* _Exercise_: Pictures stay out. Everything else in the listing below gets written out exactly.

(Provided data)

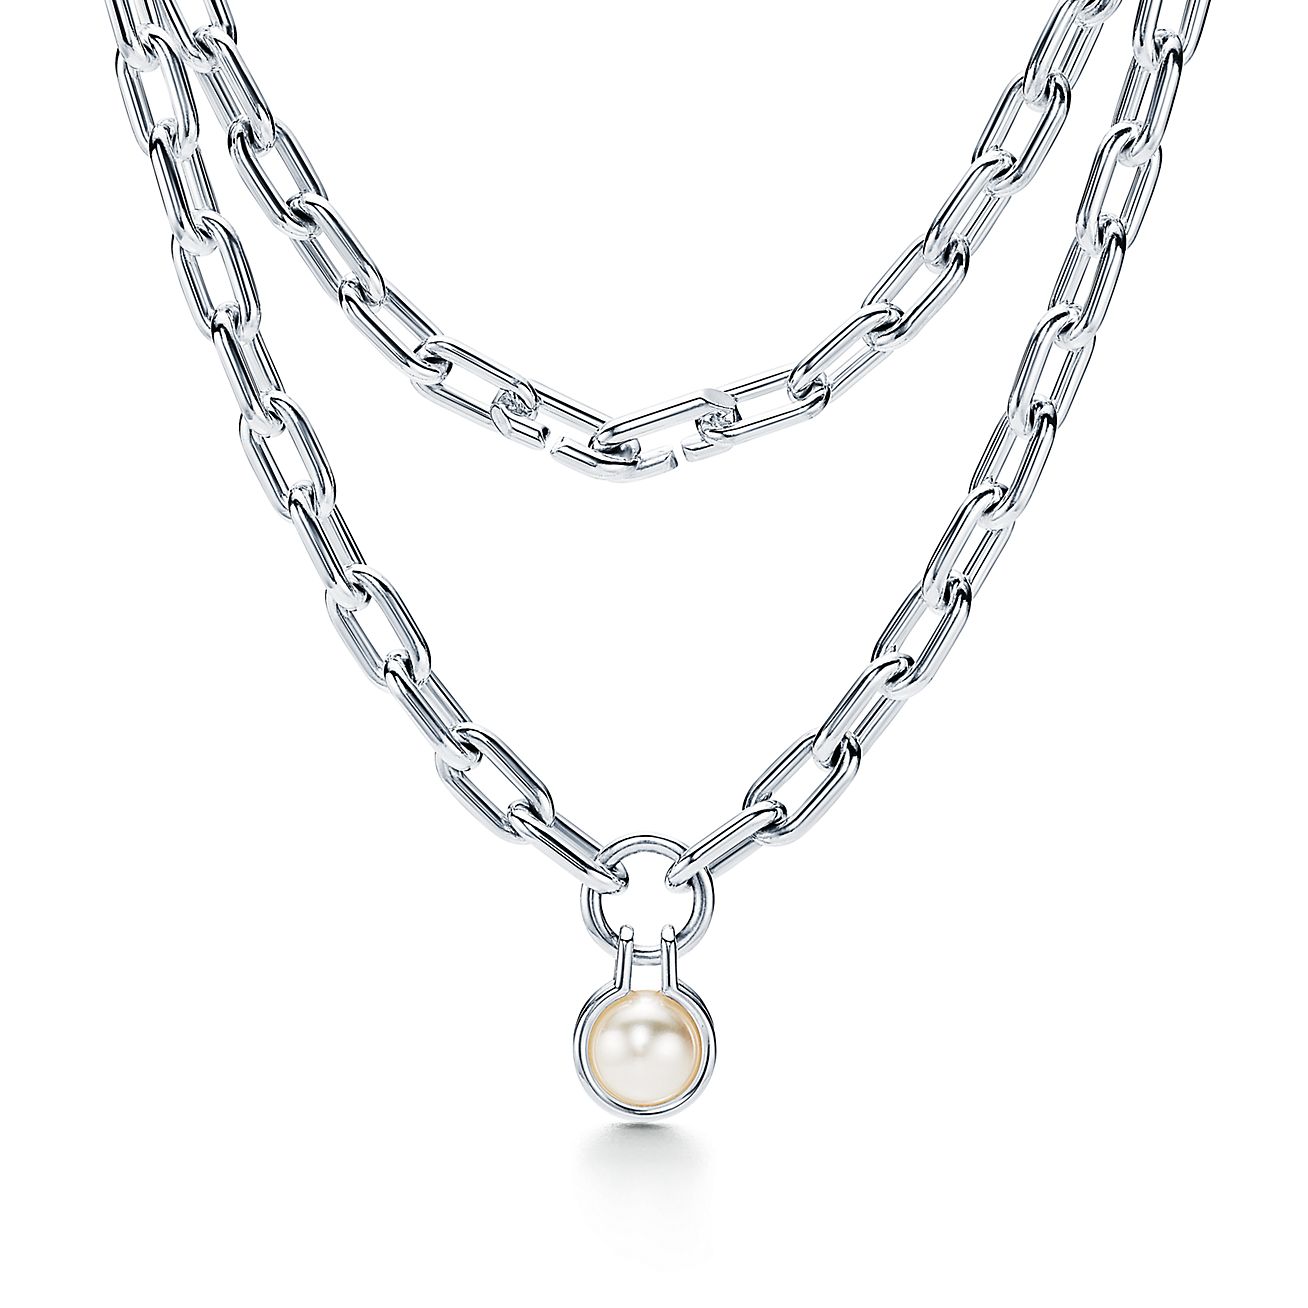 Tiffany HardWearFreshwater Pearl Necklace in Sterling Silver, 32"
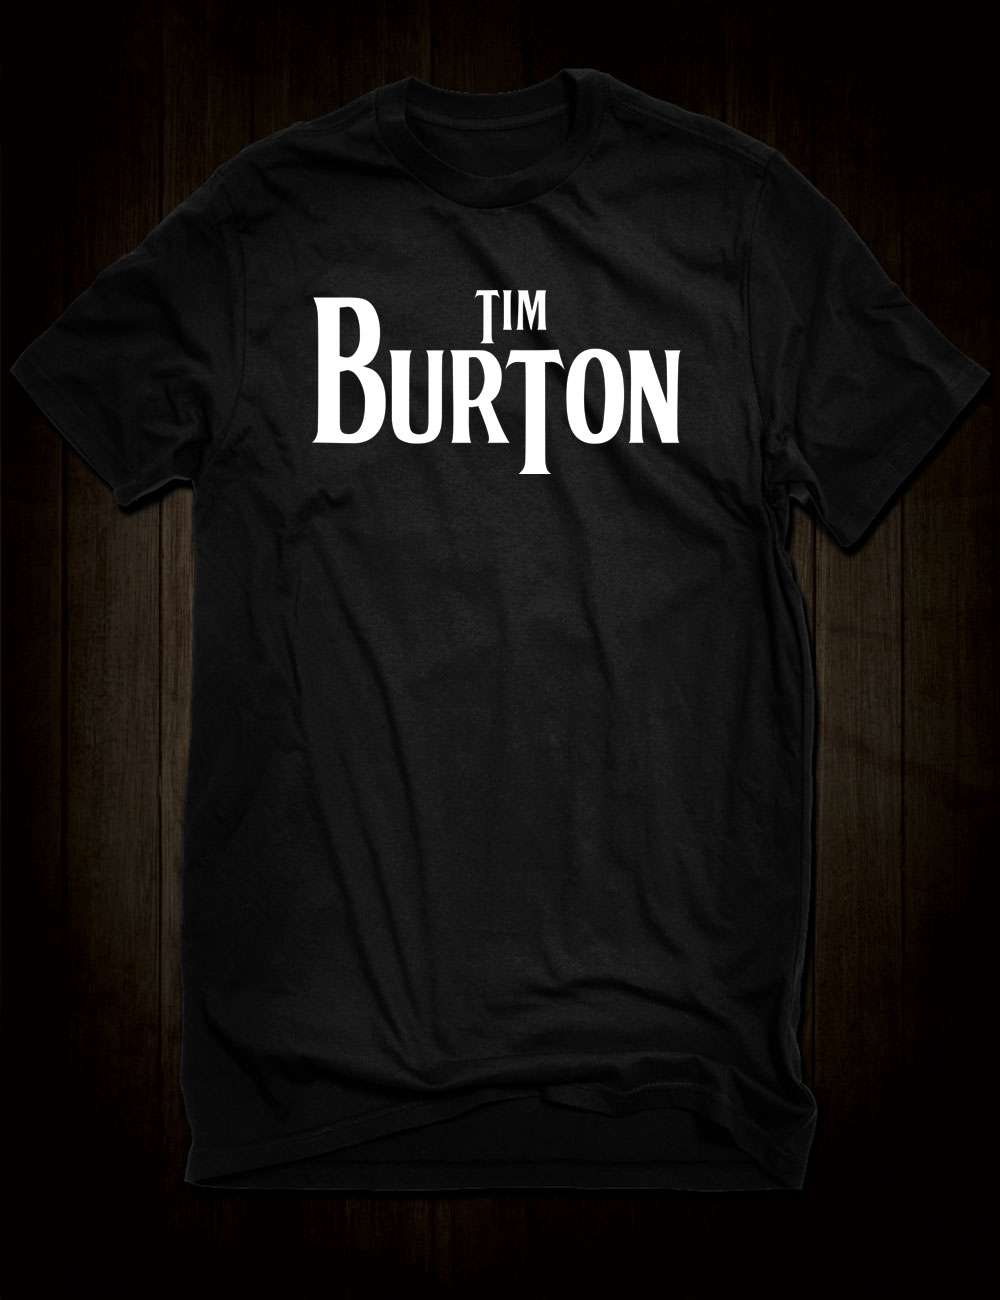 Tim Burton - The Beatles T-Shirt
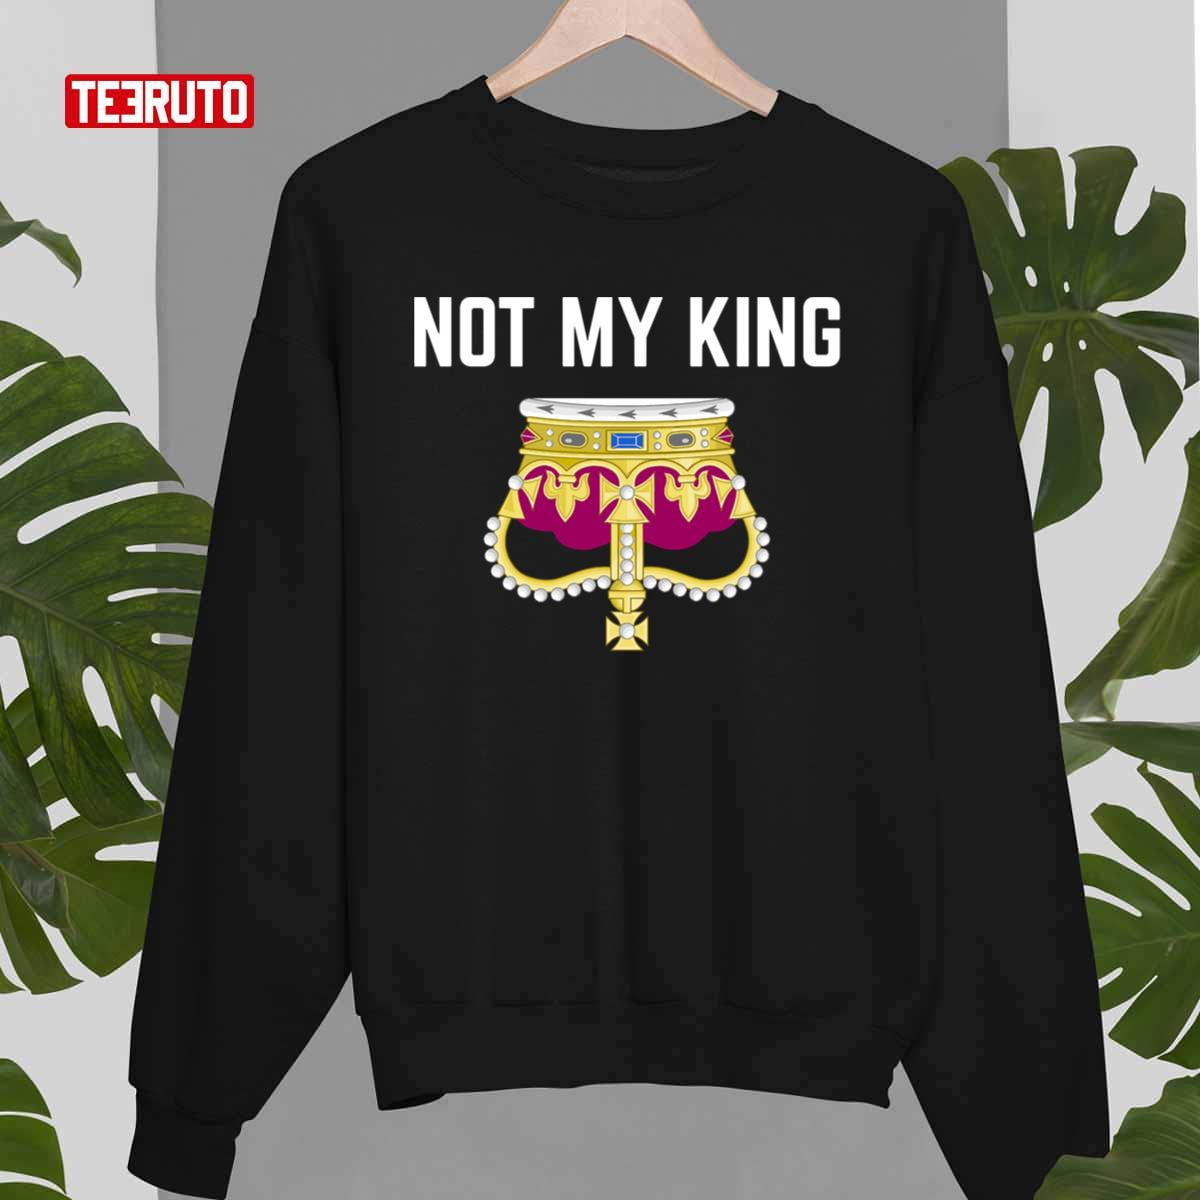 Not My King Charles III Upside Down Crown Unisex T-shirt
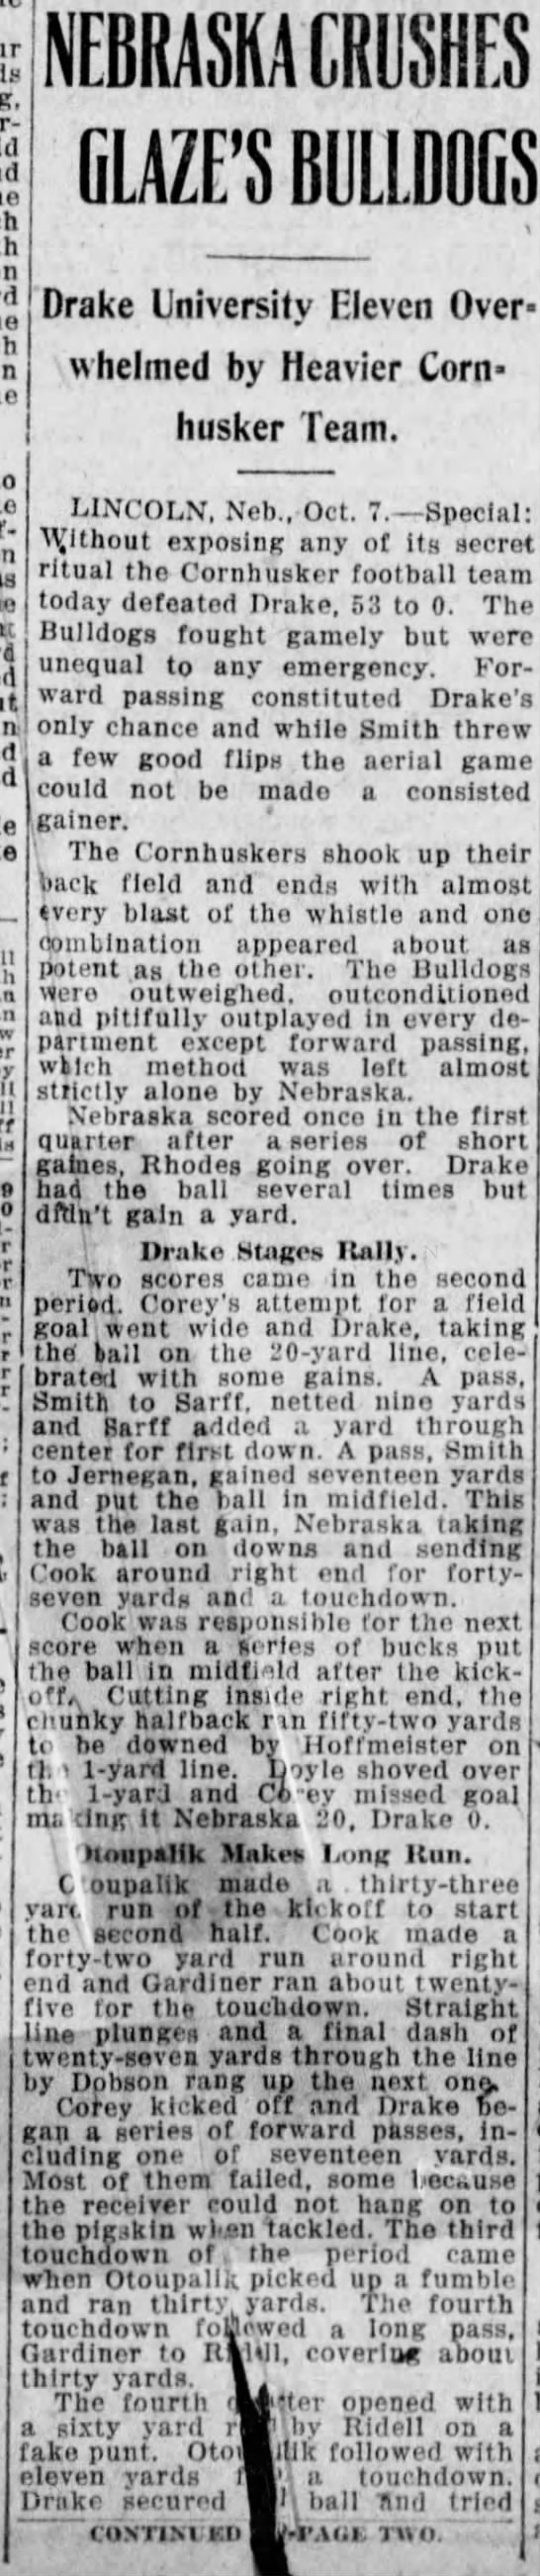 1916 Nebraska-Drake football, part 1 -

(End Provided data)

* _Result for this task_:
 Tiffany HardWearFreshwater Pearl Necklace in Sterling Silver, 32"
 Tim Burton - The Beatles T-Shirt
 Not My King Charles III Upside Down Crown Unisex T-shirt
 1916 Nebraska-Drake football, part 1 -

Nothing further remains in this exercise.